As Fowler pointed out, if you want to improve the world with your good behavior, math is on your side.  For most of us, within three degrees we are connected to more than 1,000 people – all of whom we can theoretically help make healthier, fitter and happier just by our contagious example.  “If someone tells you that you can influence 1,000 people,” Fowler said, “it changes your way of seeing the world.”

I love this!  By writing this blog, Trish and I are helping ourselves meet our goal of becoming and staying healthy writers, but we are also potentially helping thousands of others do that too.  That’s powerful stuff.  Watching two of my friends lose more than 50 pounds each in 2008 convinced me to try yet again to lose weight in 2009.  In fact one of them can be seen in the photo above.  I'm pictured in the front right-hand corner of the photo, and she is seated across from me and wearing the purple sweater.  

I know I’ve influenced colleagues at work to think about making some changes in their life to become more fit and maintain a healthier weight.  My example has also encouraged some of my friends and family members to try again.  Hopefully reading this blog really can help make you skinny.  Passing this new lifestyle on is great, and it helps me stick with it more.  Isn’t it wonderful that you can help others by helping yourself?




Trish Milburn (Tricia Mills) on September 17, 2009 at 9:19 AM said...

Another great post, Michelle. I've definitely been inspired by friends who have dedicated themselves to positive changes -- you and Stephanie Rowe (who will be guesting with us here soon) on weight loss and fitness and Theresa Ragan (who'll also be guesting) about her positive attitude.

I feel fortunate that I never picked up the smoking habit because my dad is a chimney. Of course, my lungs would probably stage a revolt even if I tried.

Anonymous said...

I think it's awesome! I know I've been inspired (and have learned a lot) by reading this blog. :)

I think attitude (toward smoking/weight/life in general) is very contagious. I've had some friends in my life who were very negative people-- the kind who only call you up when they want to complain about the (many) things that are bad in their lives. For years I tried to be supportive, but I finally realized that some of these relationships were draining more positive energy away from my life than the friendship was bringing me. It was very hard for me to walk away from those relationships, but doing so gave me more time and energy to devote to the positive relationships that, in turn, made me feel more positive about all the good things in my life. When I'm feeling very positive, it's much easier to make big (and challenging) changes in my life-- such as exercising regularly and eating healthier.

Michelle Butler on September 17, 2009 at 6:36 PM said...

Thanks, Trish! I look forward to Stephanie and Theresa's posts.

Thanks, Laura! Good for you for removing the negative people from your life. Another thing that can help is to not react to them - don't let them get you down. Easier said than done, of course, but controlling/being aware of your reactions can be very helpful.

Trish Milburn (Tricia Mills) on September 18, 2009 at 12:31 AM said...
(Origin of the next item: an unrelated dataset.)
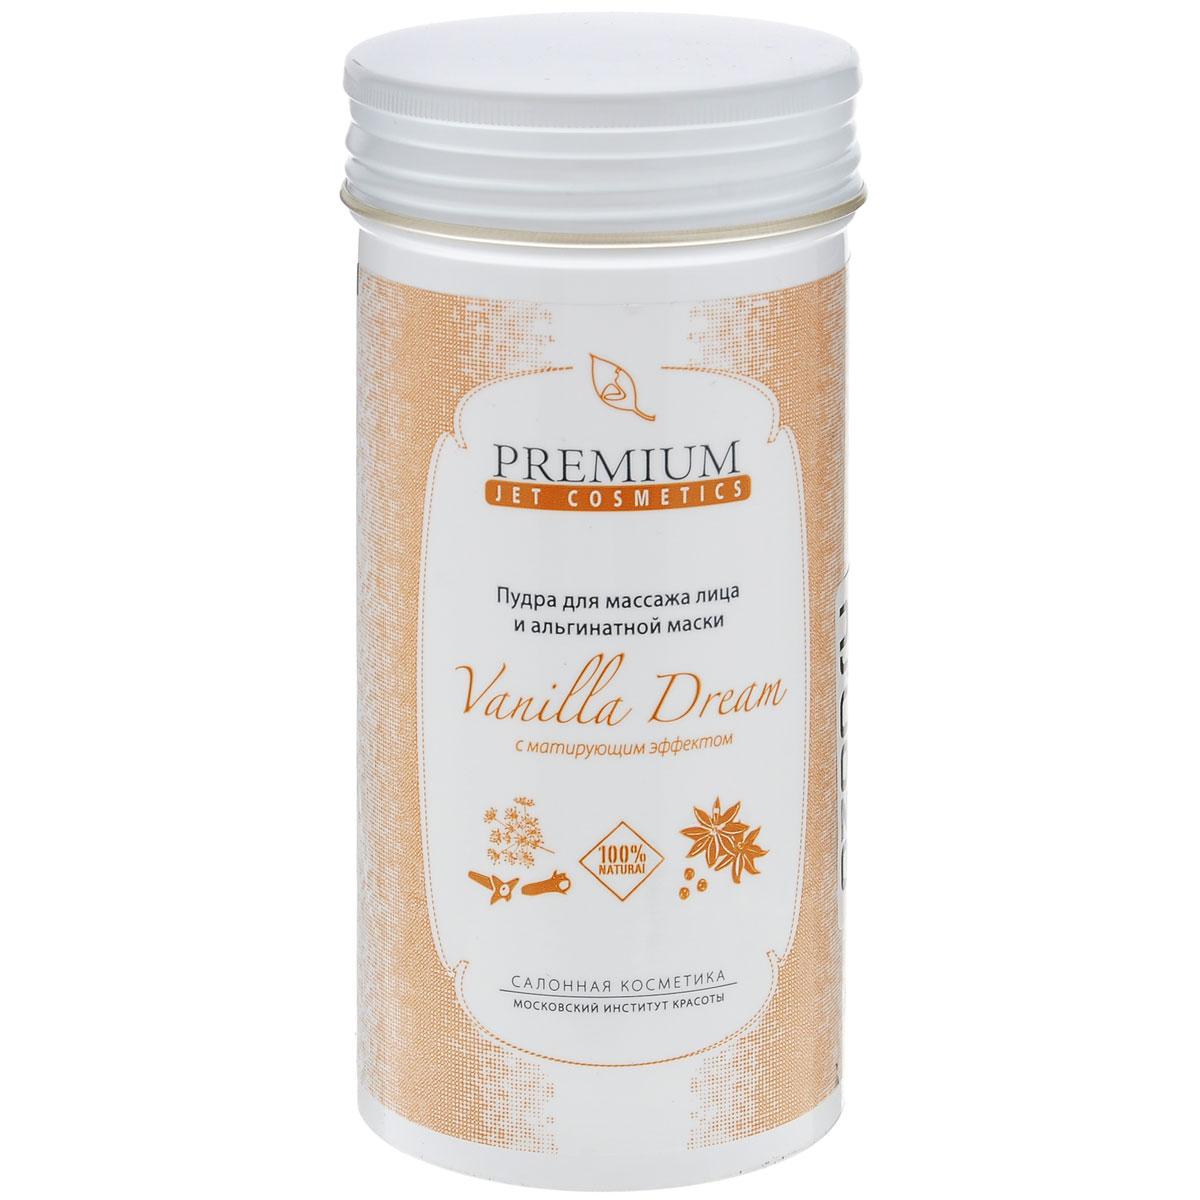 Альгинатная пудра-маска Vanilla dream, 150 гр.ГП060007

Laura, it's so hard to be around negative people, isn't it? Not an easy thing to deal with, but congrats to you for doing so.

Theresa Ragan on October 5, 2009 at 4:14 PM said...

Loved this blog, Michelle. Sorry it took me so long to read it! The title grabbed me, of course, and I had to read it! :) When I hang out with people who complain a lot, I do find myself complaining more. It's weird how that works!? And when I'm around someone who's excited about life, I get excited and I go home feeling motivated to do something...anything! Thanks for sharing, Michelle. Love it! Just knowing I can help 1,000 people does inspire me to be a good influence with eating, exercising and being positive.